Selecting and grouping entities

Section author: Marcin Cieslik

The feature, which distinguishes PyCogent’s approach to the handling of macromolecular structures is the flexible and concise way of selecting, grouping and retrieving data from entities. The concepts of entity and hierarchy are similar.

Overview of methods and functions covered.

The methods covered in this section of the manual deal with selecting entities for purposes like: “select all hydrogen atoms from chain B”, “mask all hetero atoms”, “remove all water molecules” etc. We start with the high-level functions first, which are concise and standard to low-level methods for fine grained manipulations

Selection based on hierarchy.

Let’s start by accessing a PDB file and creating a structure entity. We establish a connection to the PDB file server download a file and parse it.

>>> from cogent.parse.pdb import PDBParser
>>> from cogent.db.pdb import Pdb
>>> pdb = Pdb()
>>> socket_handle = pdb['2E1F']
>>> structure = PDBParser(socket_handle)

Let’s see what we got

>>> print structure.header['name']
>>> print structure.header['experiment_type']

WOW, thats descriptive. At least we know it is an X-Ray structure. Now how many chains does it have?

>>> structure[(0,)].getChildren()
[<Chain id=A>]

We found the ‘A’ chain of the first (0-based indexing) model. We can dig deeper

>>> structure[(0,)][('A',)].sortedkeys()[0:2]
[(('H_HOH', 1, ' '),), (('H_HOH', 2, ' '),)]

Only waters?
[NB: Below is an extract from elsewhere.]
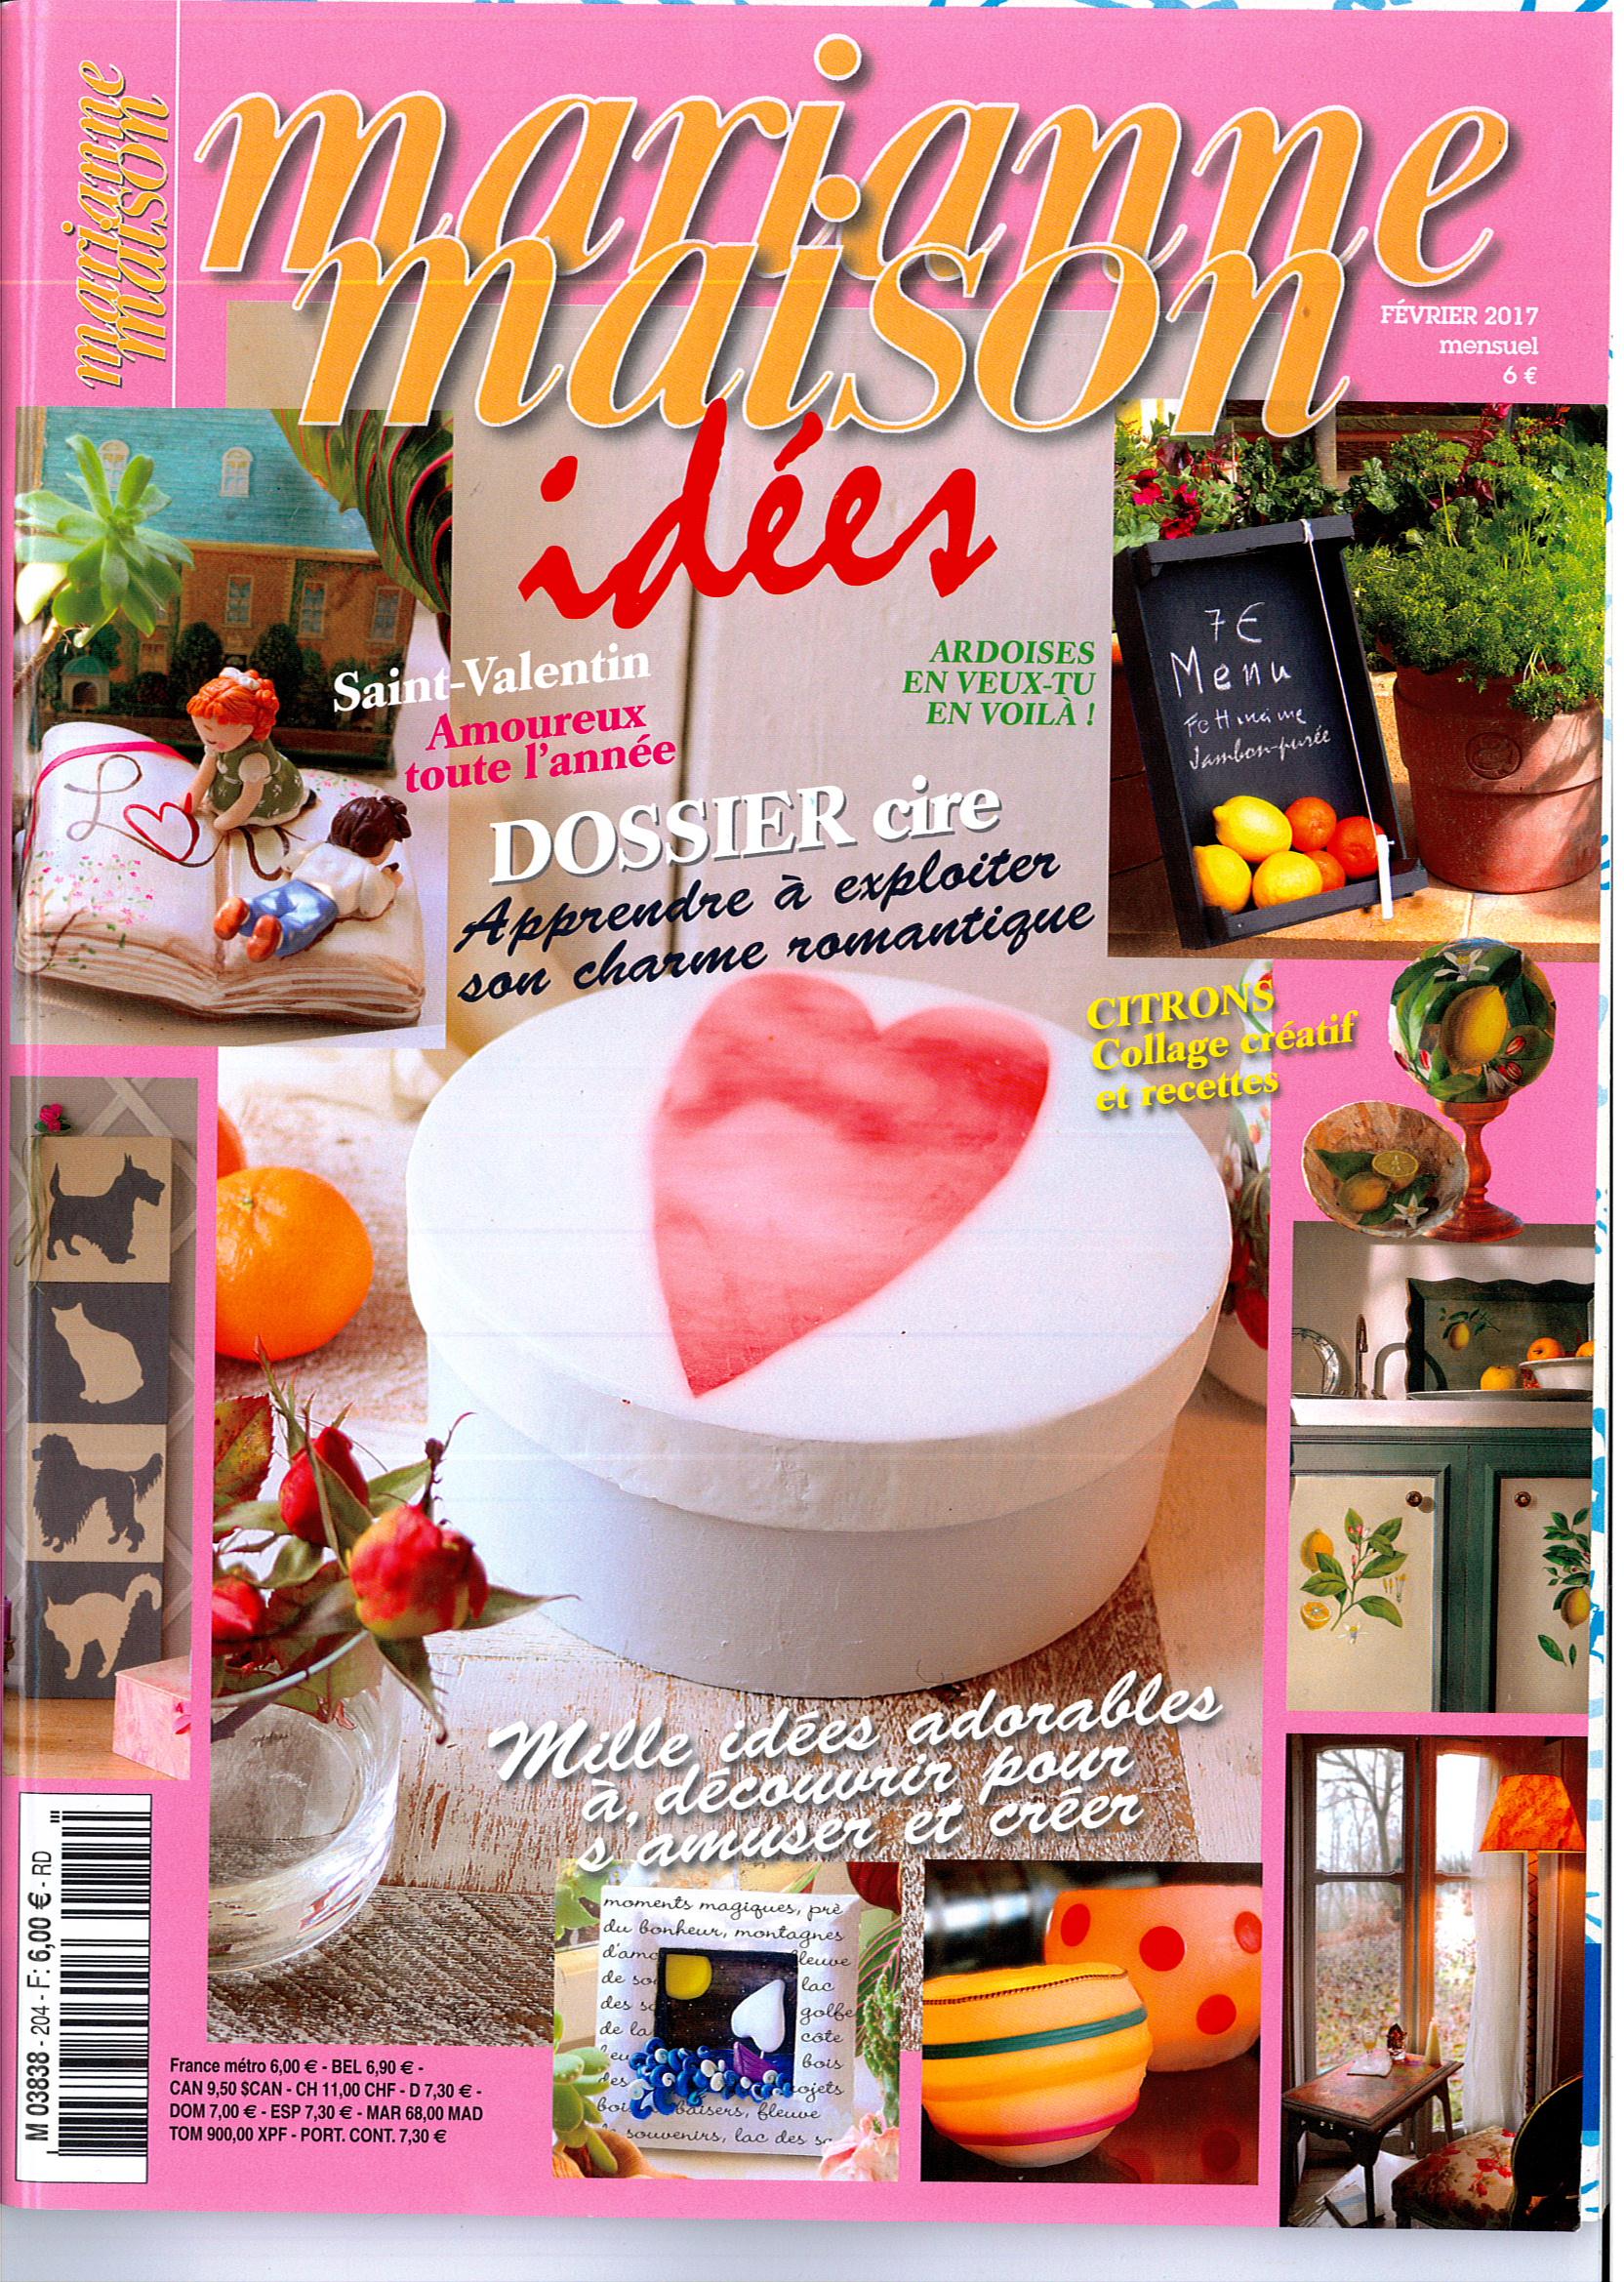 magazine maison et jardin maison campagne et jardin n supplment duart vendu avec maison et. Black Bedroom Furniture Sets. Home Design Ideas

Probably not. You can see what is inside a chain by looking inside the dictionary to get the list of short ids and child entities:

>>> chain_A = structure[(0,)][('A',)]
>>> # chain_A.keys() # get the short_ids
>>> # chain_A.values() # get the children
>>> len(chain_A)

This number is too high because we counted water molecules not only amino acids. But typing structure[(0,)][('A',)] is pretty boring and it requires to inspect the number of models and chain ids first. The function which allows to select entities from the hierarchy based on their identity is called einput

>>> from cogent.struct.selection import einput
>>> all_residues = einput(structure, 'R', 'my_residues')
>>> all_atoms = einput(structure, 'A')
>>> len(all_residues)

Still waters are included.

Selection based on properties.

We already have a collection of entities all_residues which contains all residues in the structure regardless of the number of chains and models. Our task is to determine the number of non-water residues. The property which allows us to distinguish a water molecule from an amino acid is the name, which is stored as the name attribute.

>>> first_child = chain_A.sortedvalues()[0]

We could write a loop to select those residues we can either loop over the residues in chain_A or all_residues as they are the same:

>>> non_water = []
>>> for residue in chain_A:
...     if != 'H_HOH':
...          non_water.append(residue)
>>> len(non_water)

To make this more convenient each entity e.g. a Chain instance has a method to select children based on a property selectChildren. The equivalent of the above expression is:

>>> non_water = chain_A.selectChildren('H_HOH', 'ne', 'name').values()


>>> non_water = all_residues.selectChildren('H_HOH', 'ne', 'name').values()
>>> len(non_water)

The first argument is a value, the second an operator name from the operator module, here ‘ne’ is for ‘Not Equal’. The last argument ‘name’ is resolved by the data_children method which allows the user to retrieve data from a child entities attributes, xtra dictionary or methods. Here we get the data from the ‘name’ attribute. The selectChildren method returns a dictionary, where keys are the short ids and values are the child entities. The result can be put into a new entity holder.

>>> non_water_holder = einput(non_water, 'R')

But having to first group the entities via einput then select them only to put them into a new container seems awkward. It can be done in one step using the select function.

>>> from cogent.struct.selection import select
>>> non_water_holder = select(structure, 'R', 'H_HOH', 'ne', 'name')
>>> len(non_water_holder)

Is there a serine(s) in the sequence?

>>> serines = select(structure, 'R', 'SER', 'eq', 'name')
>>> serines.sortedkeys()[0]
('2E1F', 0, 'A', ('SER', 1146, ' '))

The function raises a ValueError if no entities can be selected.